---- SOURCE DATA

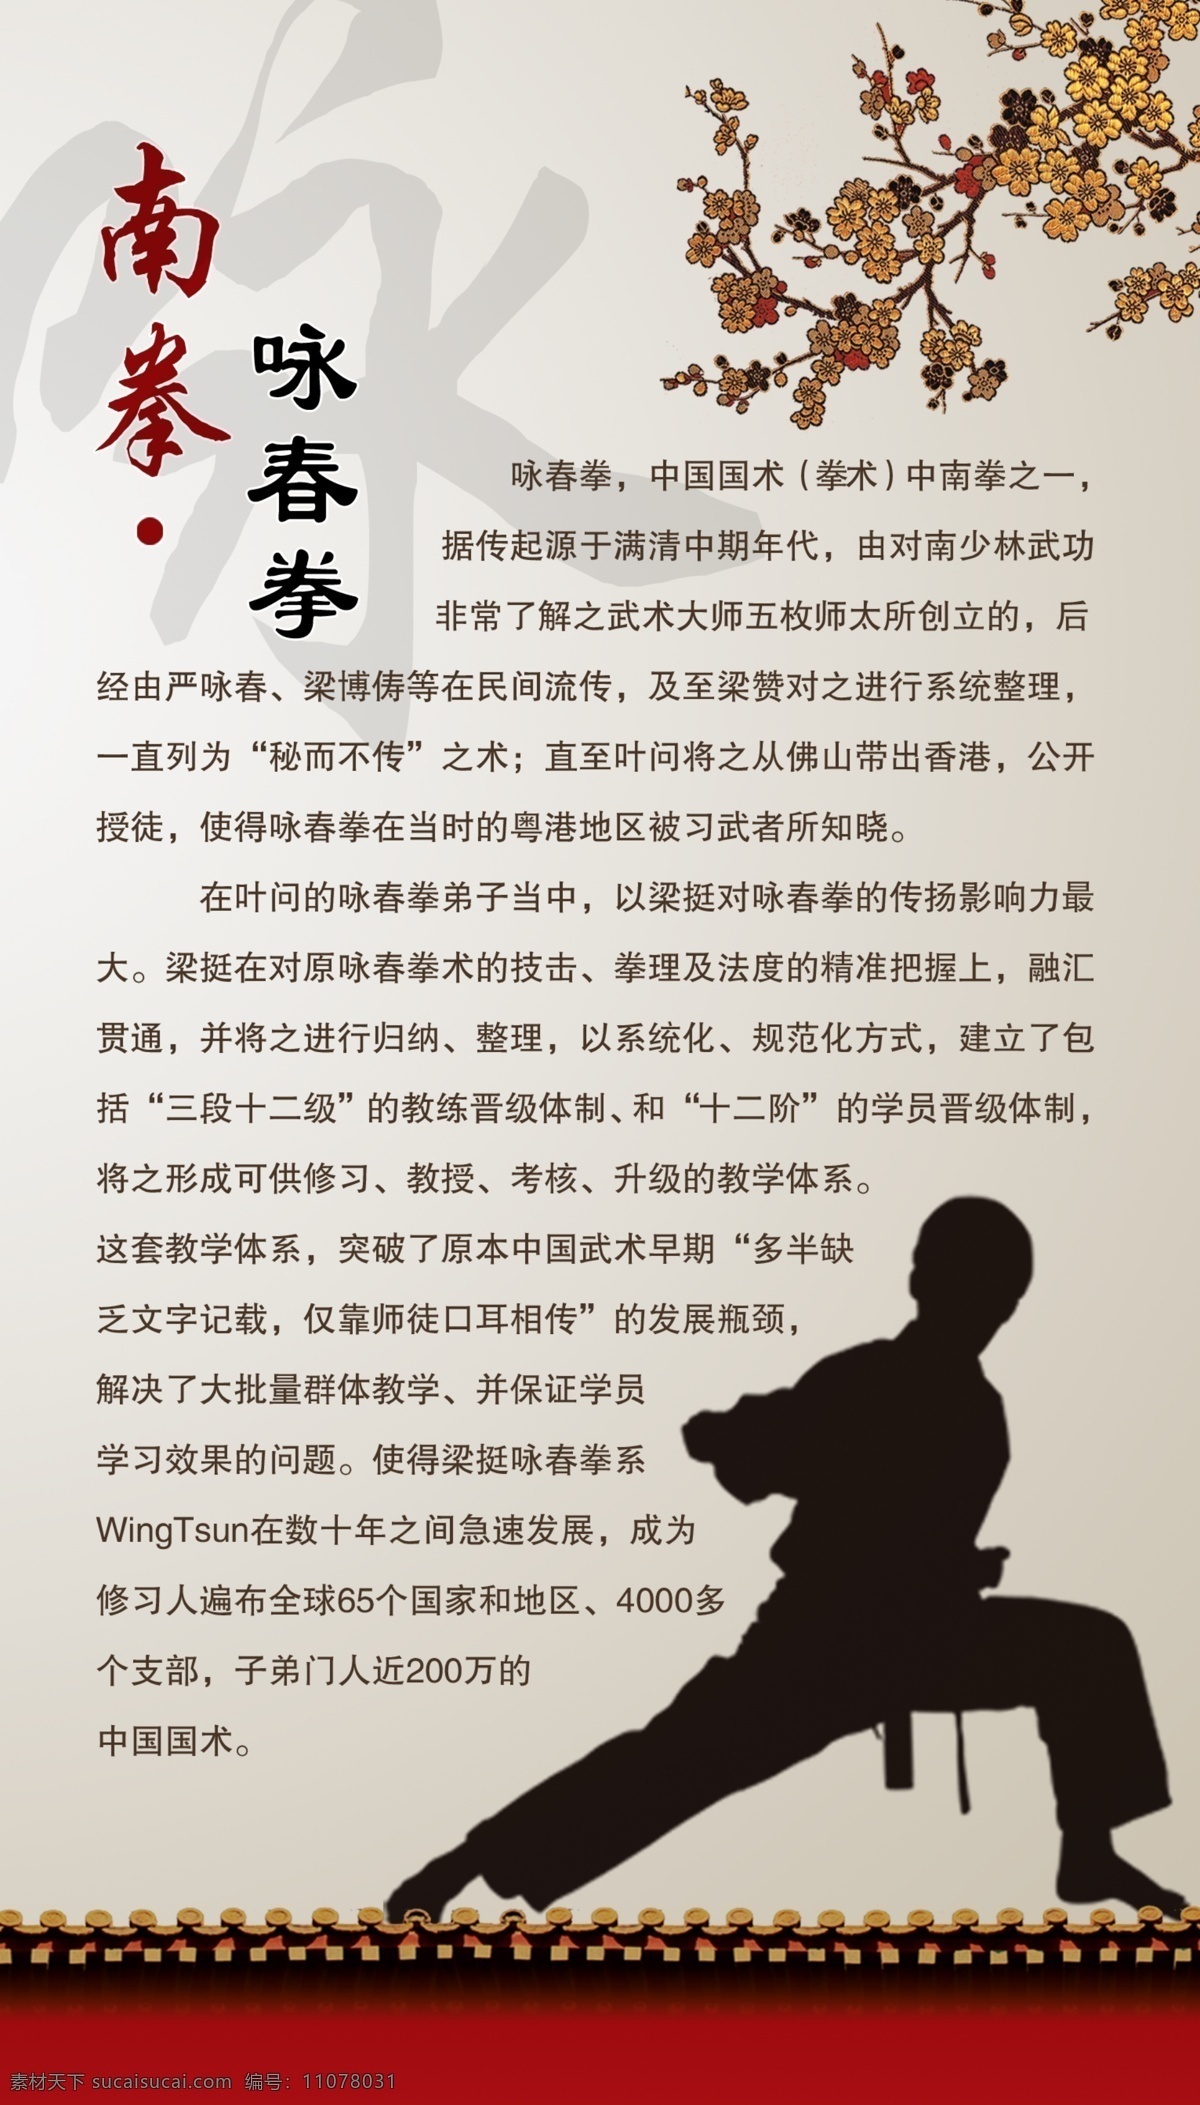 南拳免费下载 功夫 广告设计模板 体育 武术 学校 源文件 运动 南拳 咏春拳 其他海报设计
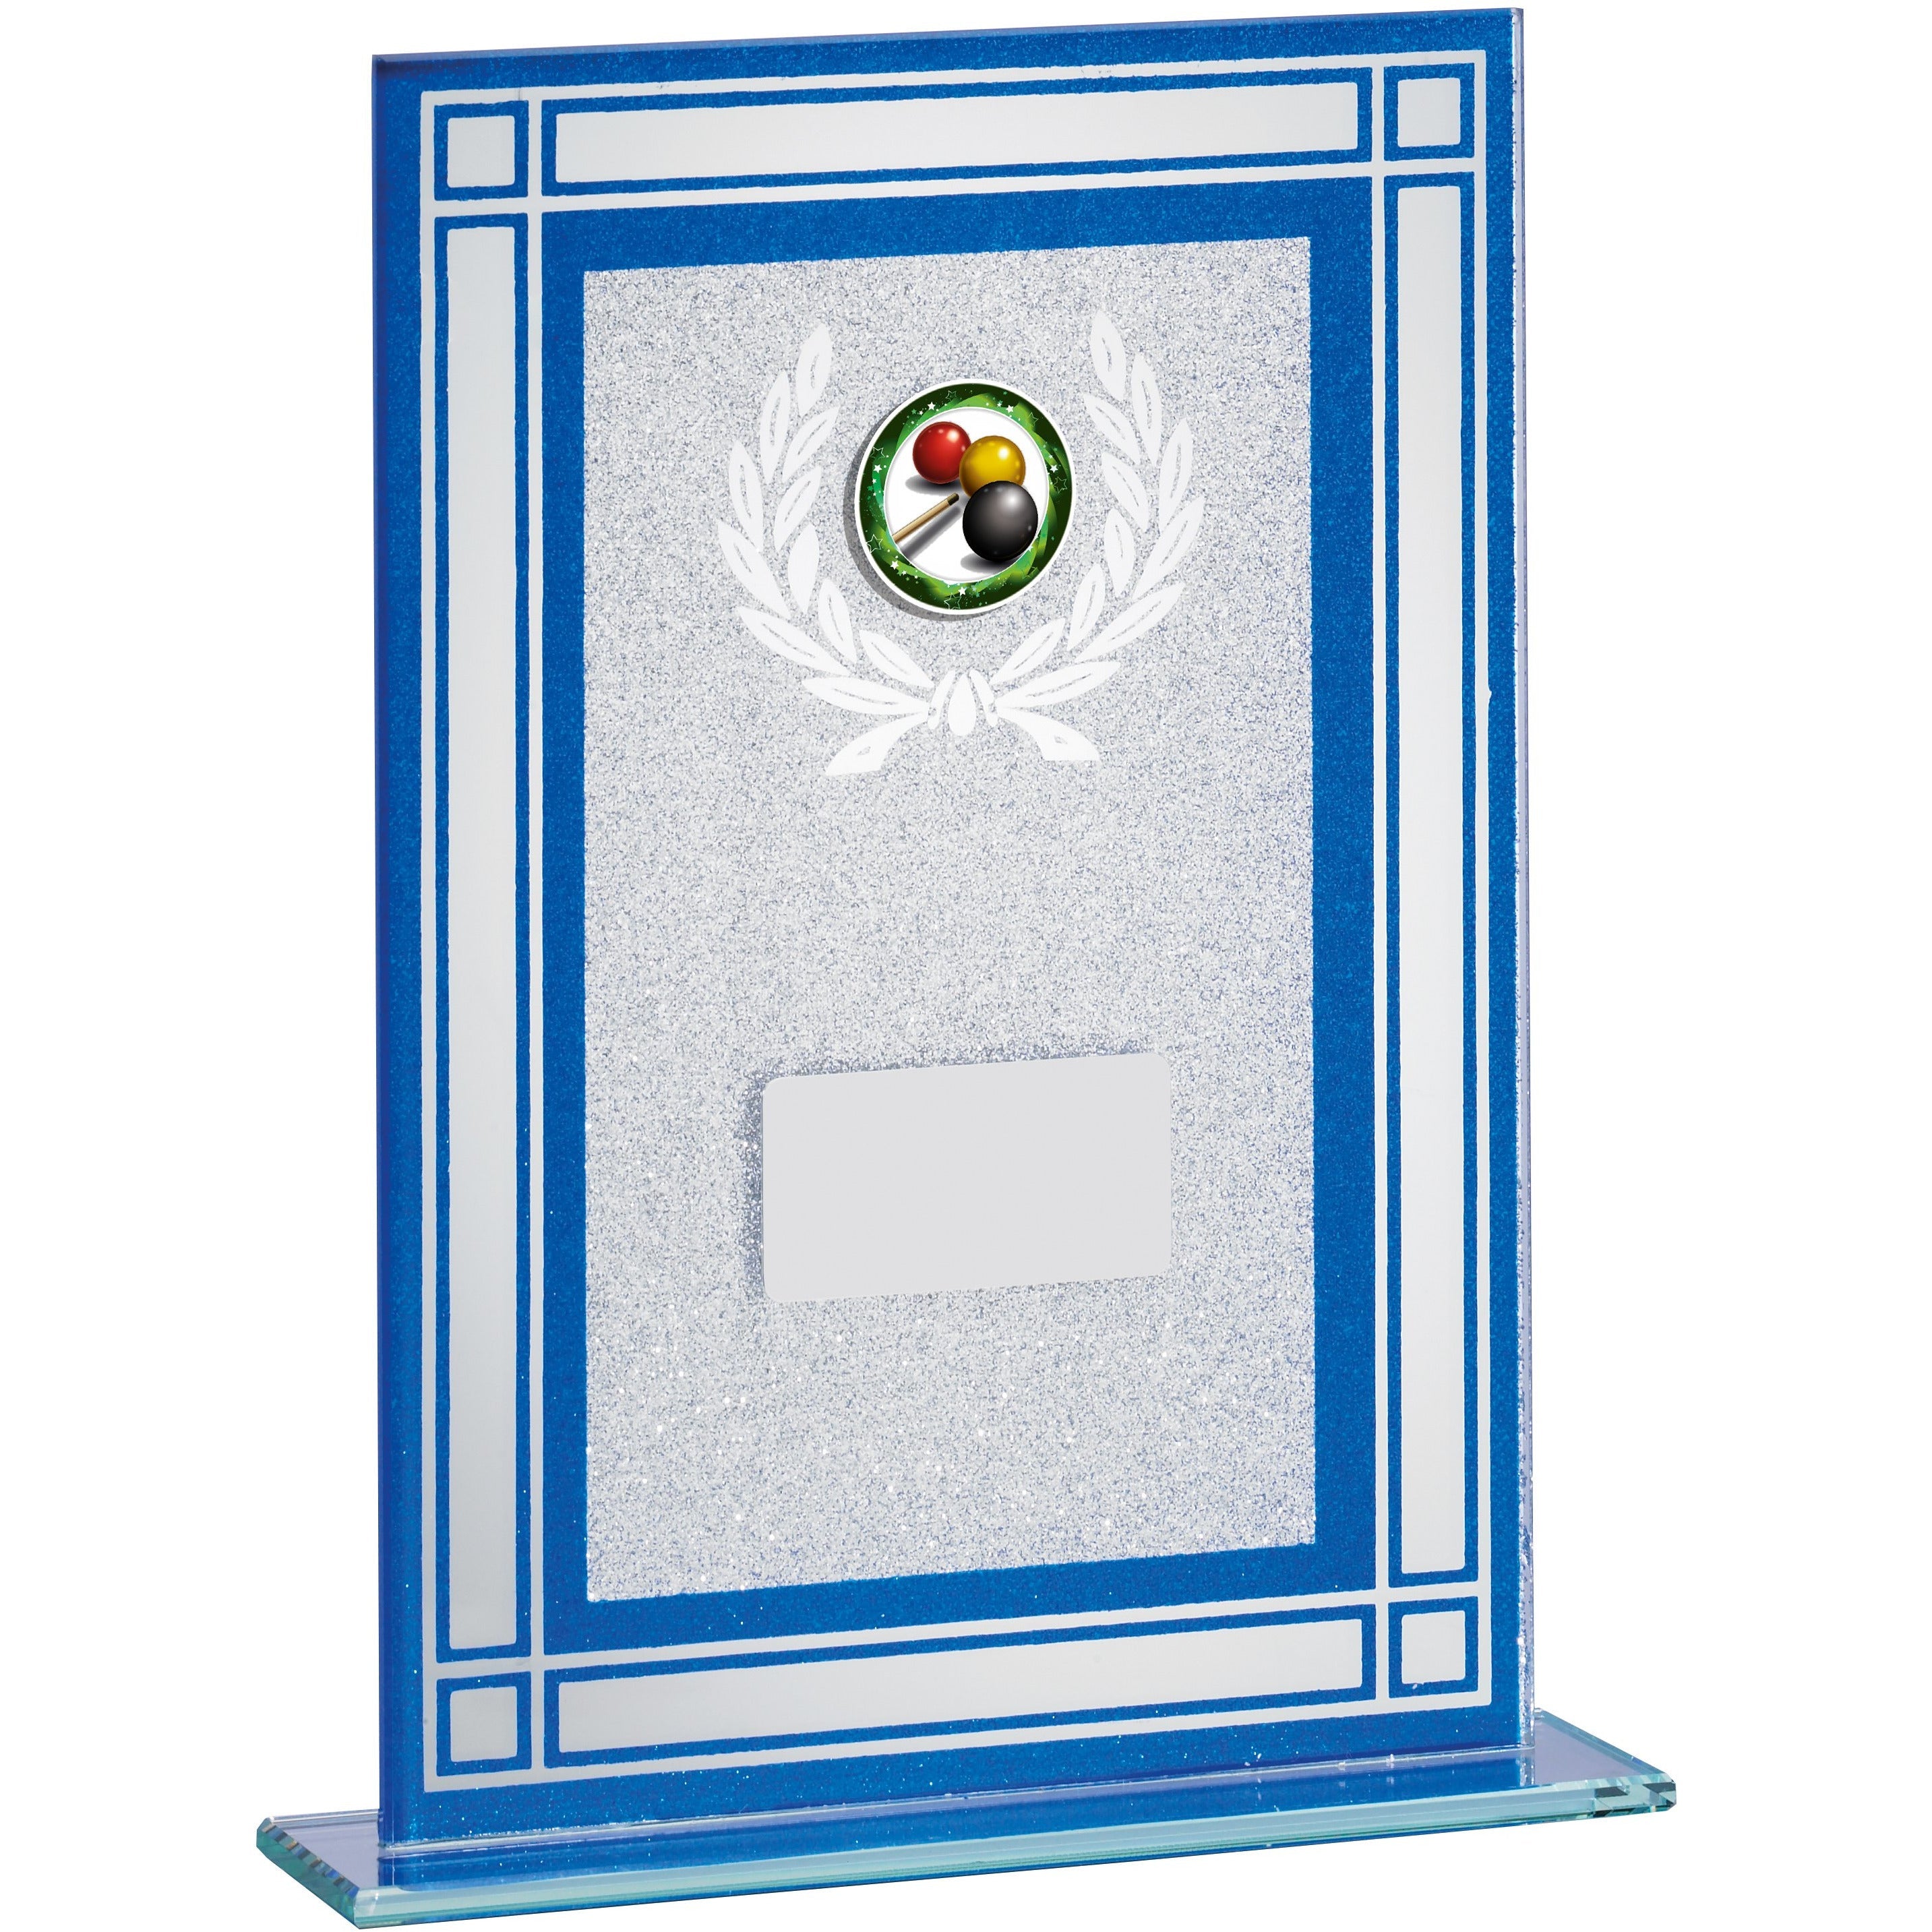 Blue Framed Glass Award with Laurel
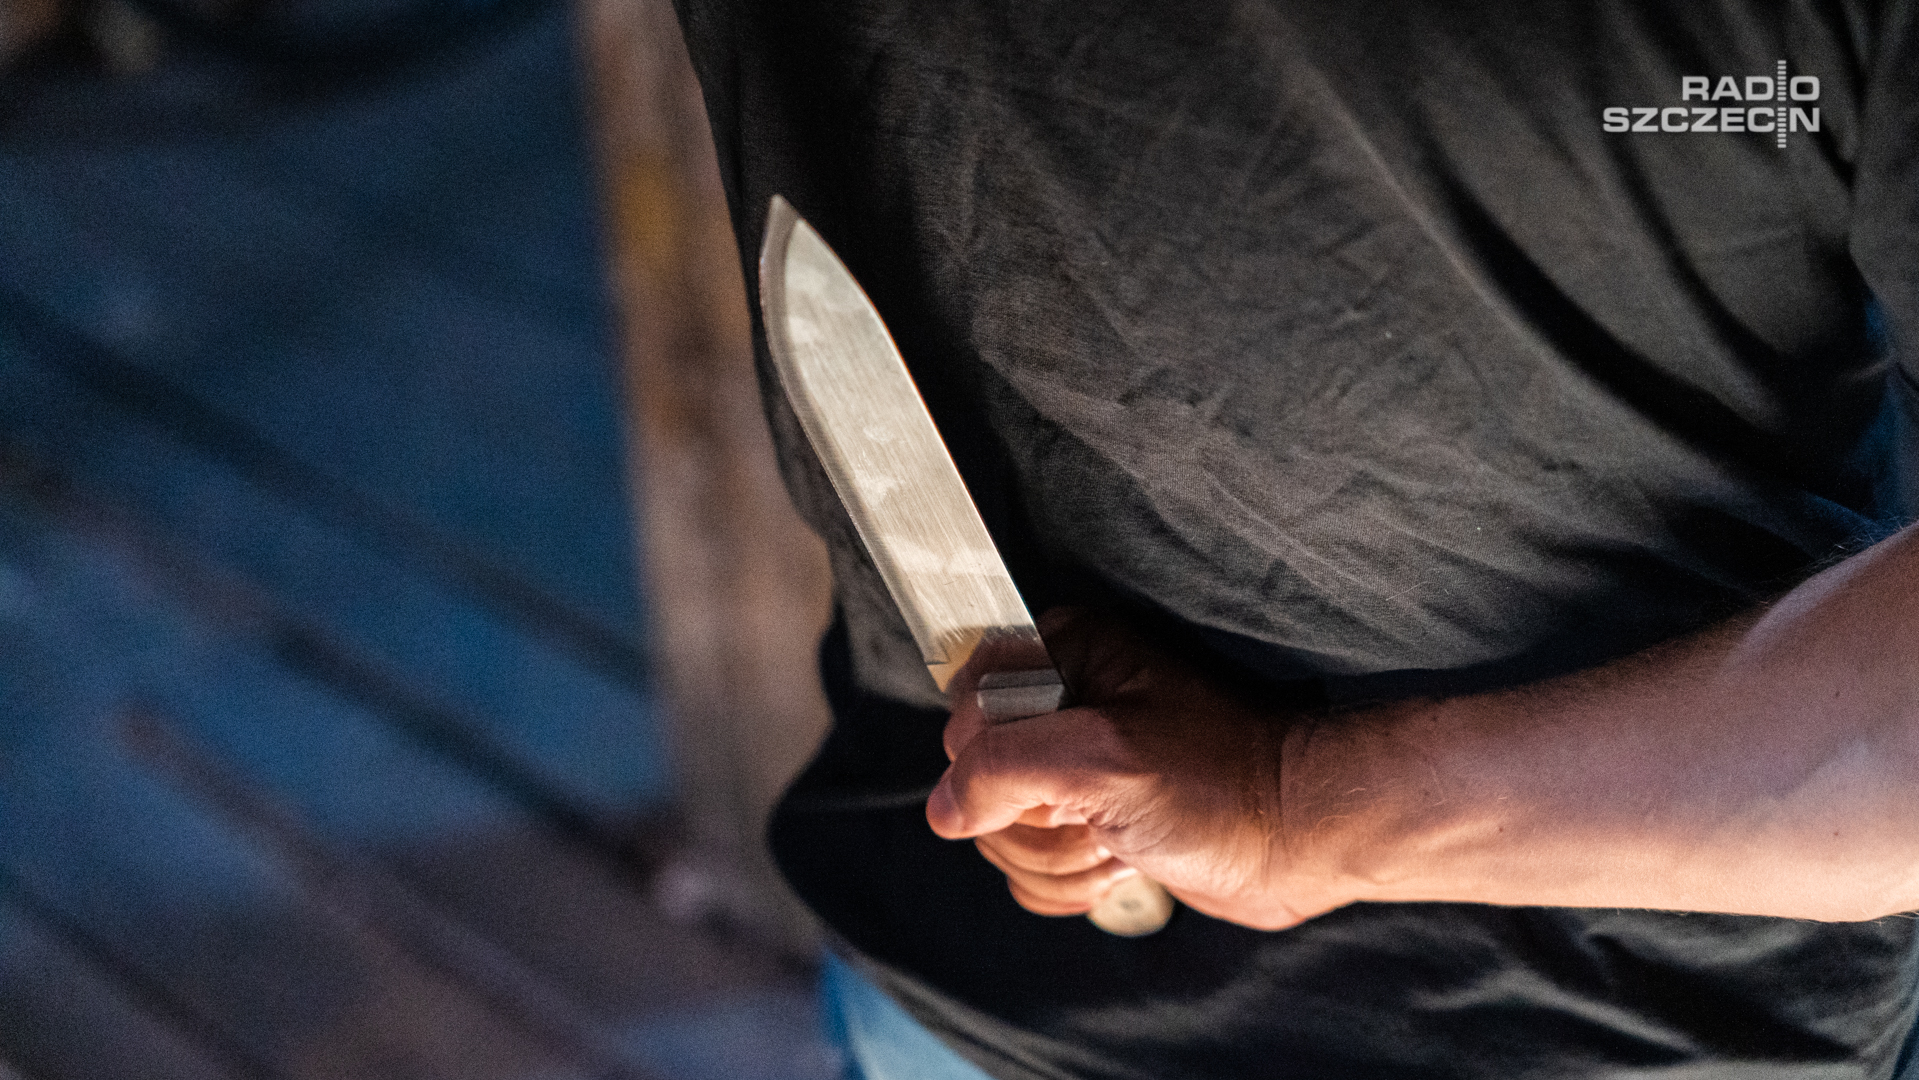 Mężczyzna z nożem w ręku wszedł podczas nabożeństwa do kościoła w Czaplinku.

--------

INSTRUCTIONS FOR THE TASK
Set the data above down again exactly as given, with no pictures.

RESPONSE TO THE TASK
 南拳免费下载 功夫 广告设计模板 体育 武术 学校 源文件 运动 南拳 咏春拳 其他海报设计
 Blue Framed Glass Award with Laurel
 Mężczyzna z nożem w ręku wszedł podczas nabożeństwa do kościoła w Czaplinku.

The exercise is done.